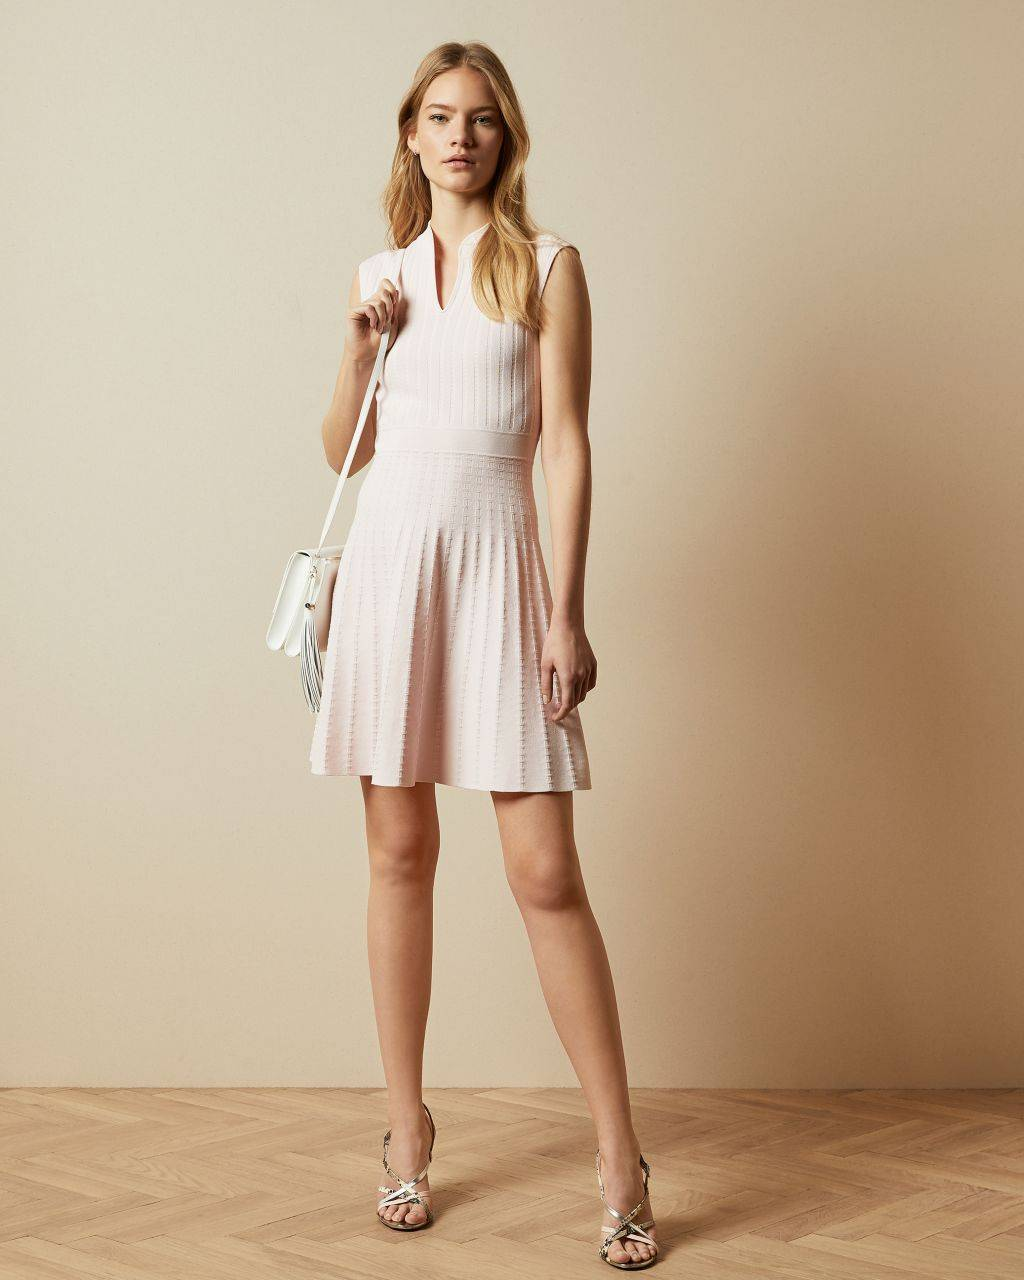 Ted Baker Stitch Detail Skater Dress  - Pink - Size:  4 (UK 14)
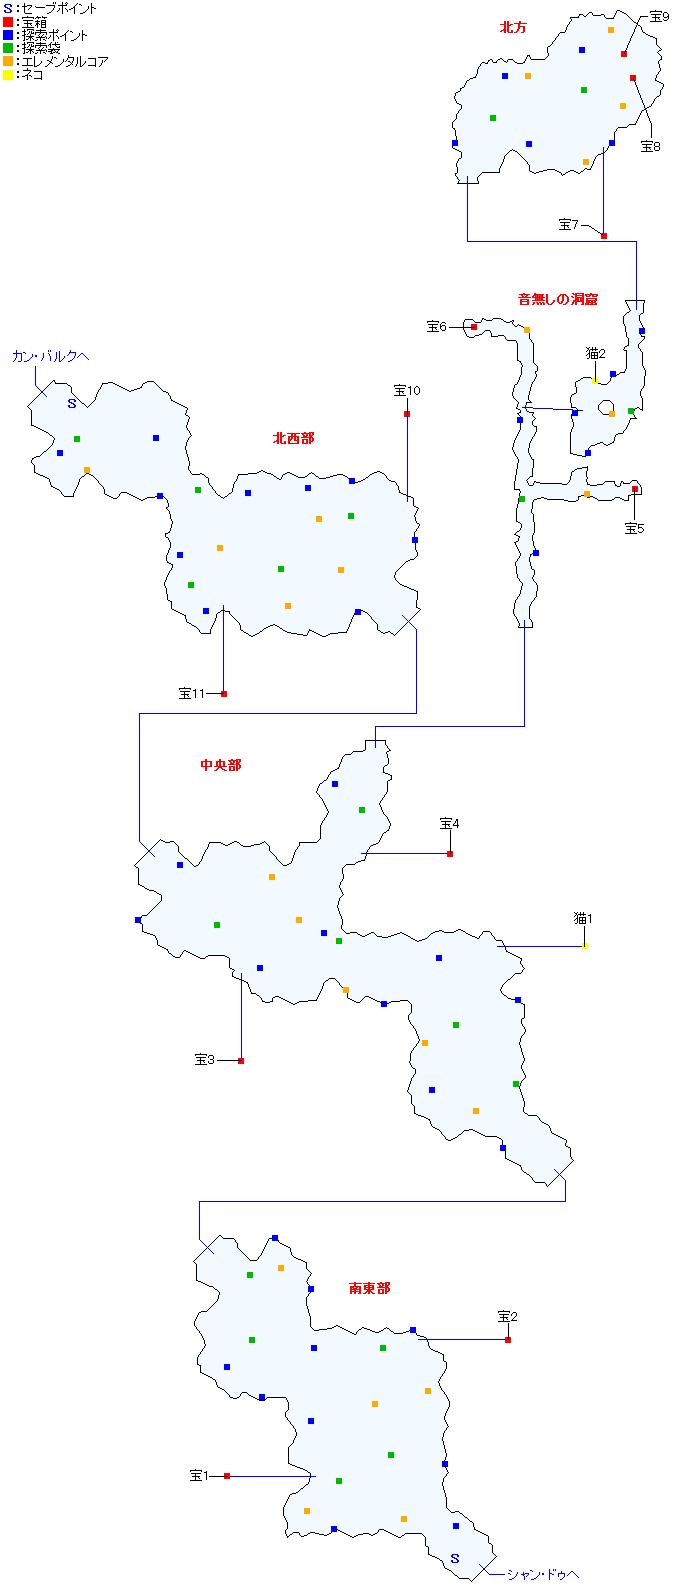 マップ画像・モン高原(正史世界)
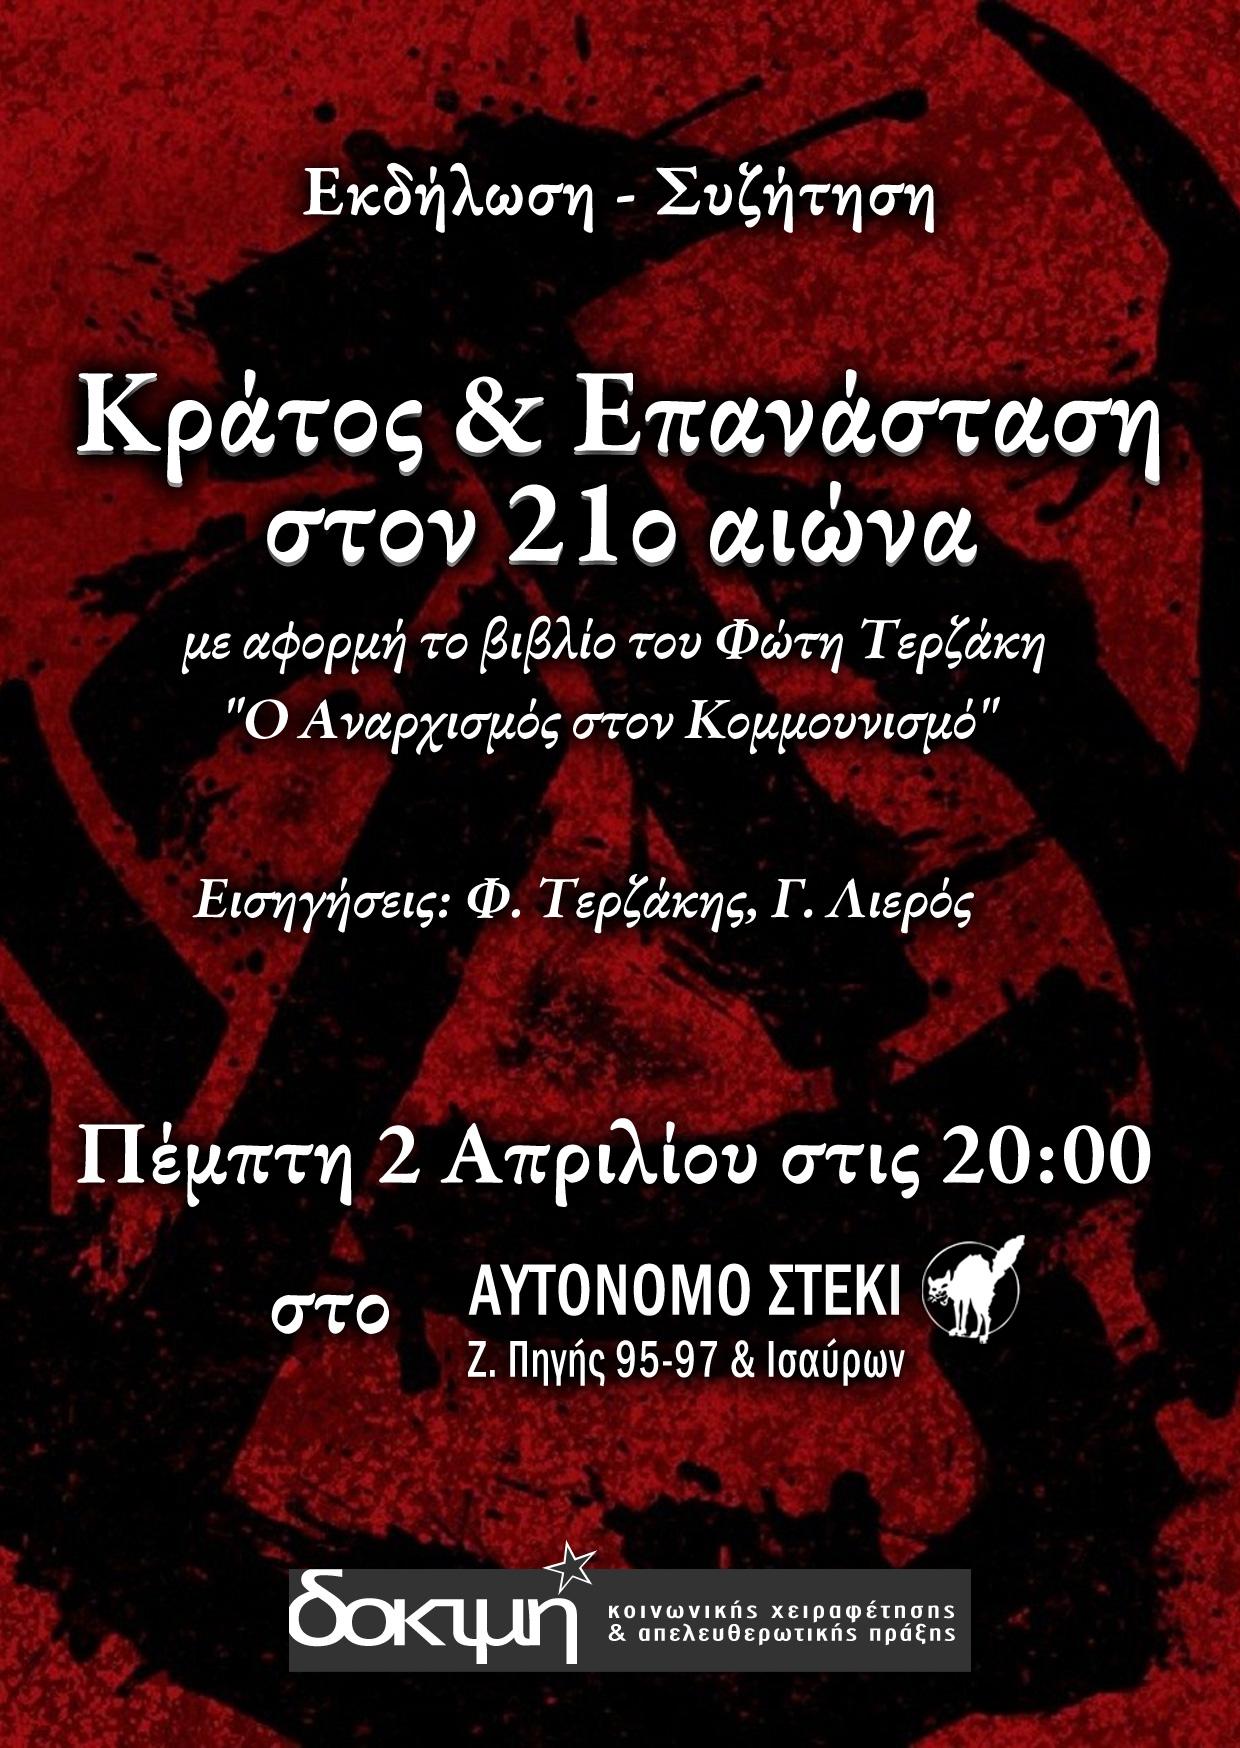 ekd_kratos&epanas

● **EXERCISE OBJECTIVE**:
Reproduce every line of the material above, but drop the pictures.

● **RESULT**:
 Ted Baker Stitch Detail Skater Dress  - Pink - Size:  4 (UK 14)
 マップ画像・モン高原(正史世界)
 ekd_kratos&epanas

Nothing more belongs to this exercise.